На четвертый или пятый день ты подсел ко мне, и мы поговорили о музыке. Раньше ты был пианистом. «Был? — спросила я. — Тебе ведь от силы лет двадцать пять».
«Двадцать четыре», — засмеялся ты, но играть на рояле перед публикой не доставляло тебе удовольствия. Концерты, черные костюмы, праздничная суета — все это тебе не годилось, ты хотел бы играть только для себя. Лишь изредка ты принимаешь выгодные предложения как музыкант, но большей частью нанимаешься на временную работу официантом в пивные.
Я была почти вдвое старше тебя и как раз начала учиться играть на фортепьяно. «Я хотела бы научиться играть что-нибудь из Шуберта», рассказывала я тебе слегка смущенно. Но ты не посчитал это сентиментальным, наоборот, чудесным, и захотел тут же дать мне урок. Меня это страшно испугало, потому что ты и так привнес столько беспокойства в мою душу, что большей близости я бы не выдержала. Ты был просто слишком красив, Альбан. Я не знаю, как это тебе объяснить. Ты был само совершенство. Молодой, обворожительный и веселый, ты продемонстрировал мне все то, что я в себе уже потеряла, и мне было невыносимо находиться рядом с тобой.
Но было так же невыносимо существовать без тебя. Ночами я садилась на свой велосипед и ездила к твоему дому. Я прислонялась лбом к стене и чувствовала, как стучит за камнями твое сердце, и у меня не было сил оторваться. Однажды кто-то спросил у меня: «Вам нехорошо?» Я в ужасе очнулась: я сидела на велосипеде, прислонившись к твоей стене, к тебе, и спала.
Мое первое утро в Вене отвлекло меня в той степени, как я этого желала. Я должна была выйти за покупками: где тут продают молоко, где хлеб, куда идти — направо по улице, вниз или налево? Где почта, где почтовый ящик? Где я могу купить план города, центр далеко или близко? Где можно позавтракать и как обходиться с австрийскими шиллингами? Какую газету здесь обычно читают?

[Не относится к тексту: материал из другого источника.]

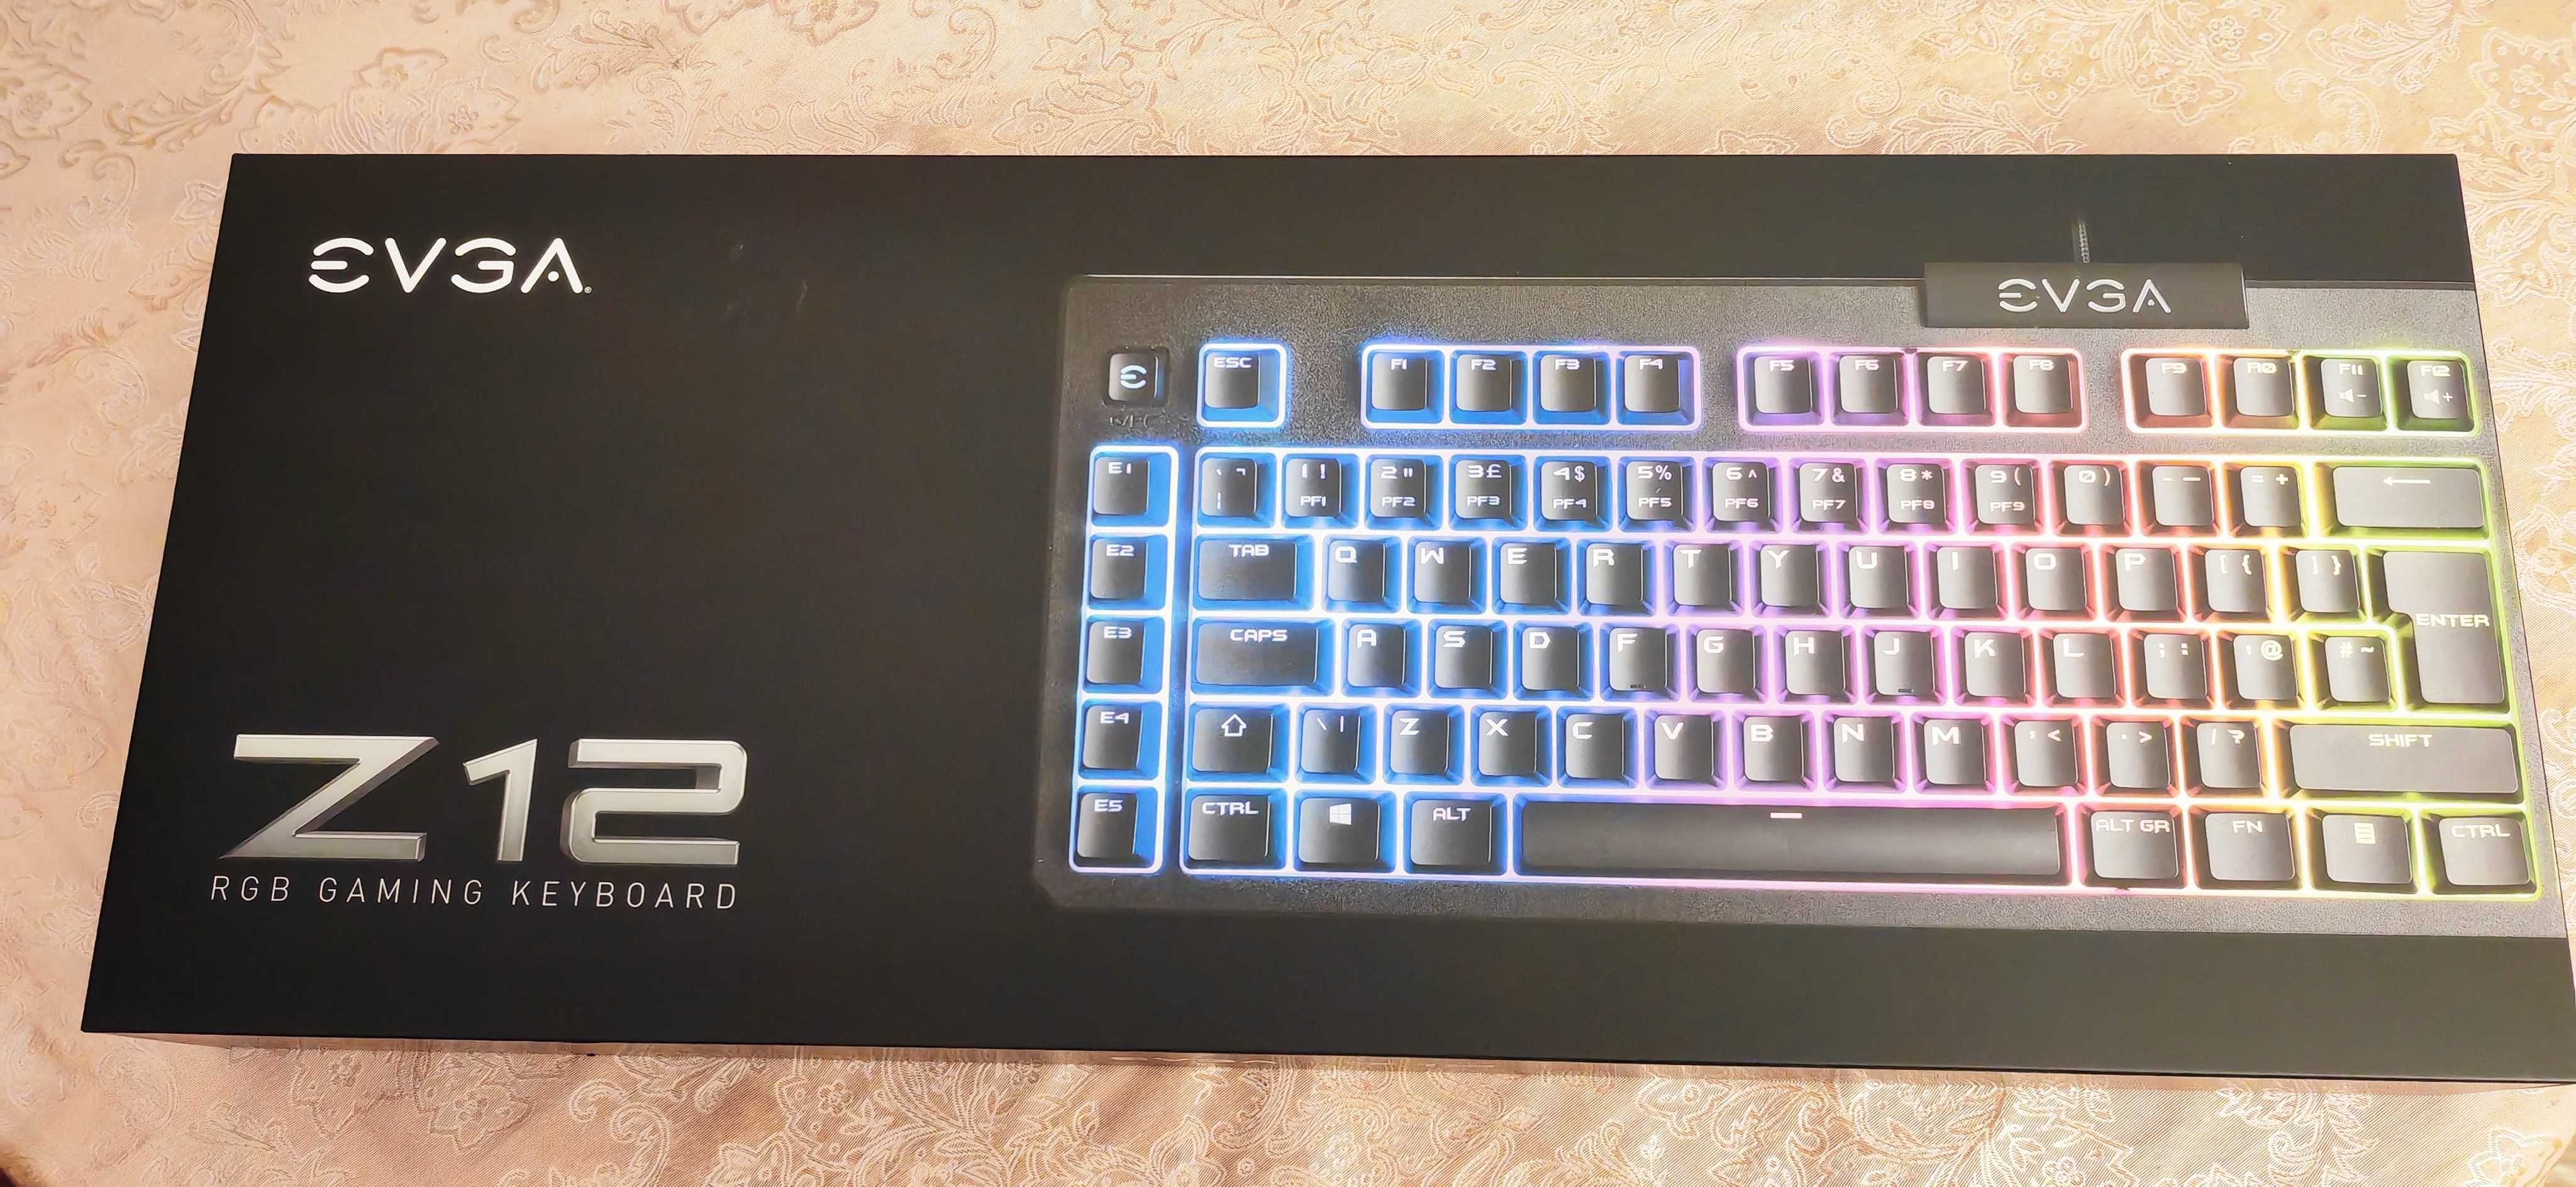 EVGA Z12 RGB черен геймърска клавиатура USB чисто нова 3 год. гаранция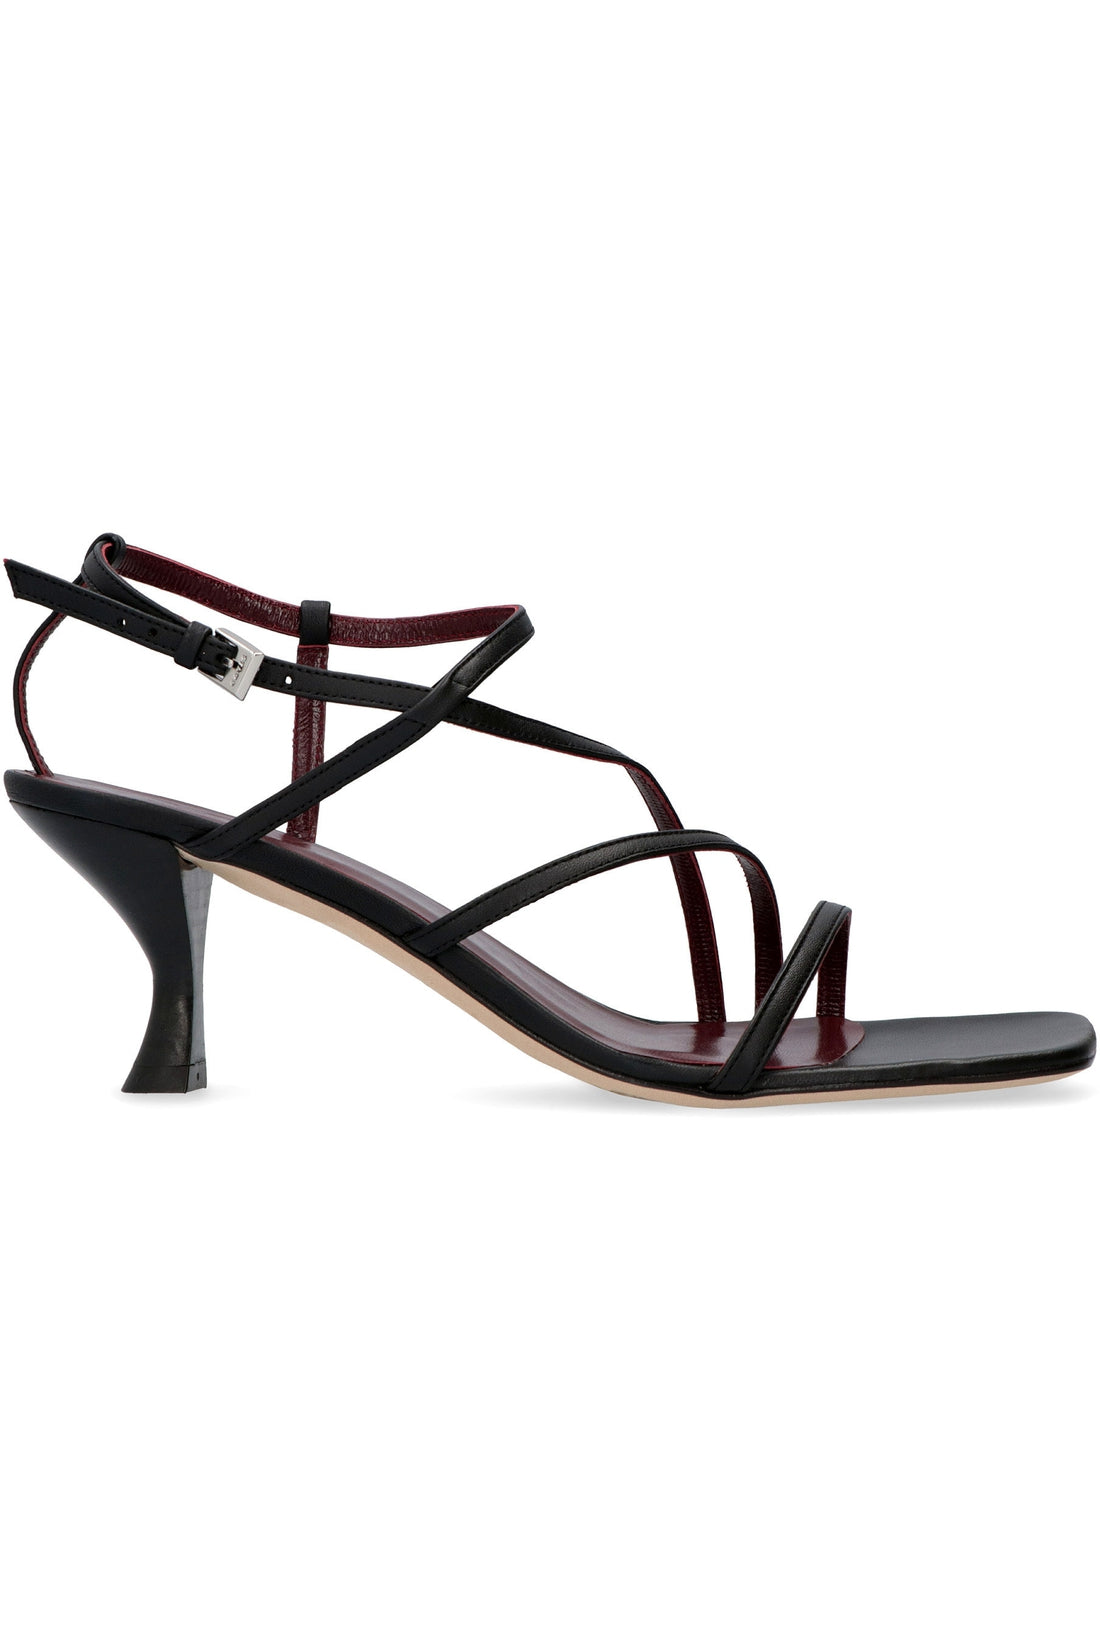 STAUD-OUTLET-SALE-Gita leather sandals-ARCHIVIST

Я почти смогла забыть тебя, но вдруг в неопрятном кафе, куда я зашла, большом, как вокзал, со слепыми зеркалами, грязным биллиардным столом и зевающей желтоволосой кельнершей с испорченными зубами, я внезапно ощутила такую тоску по тебе, по твоей невозмутимой манере сияя входить в любое помещение и наполнять его жизненной силой и радостью, что почувствовала себя совершенно несчастной и заплакала. Я выпила кофе с молоком, из музыкального автомата доносился голос Фалько, который недавно сказал в одном интервью: «Мы всегда первые, даже в том случае, если мы сзади, то мы первые от конца!»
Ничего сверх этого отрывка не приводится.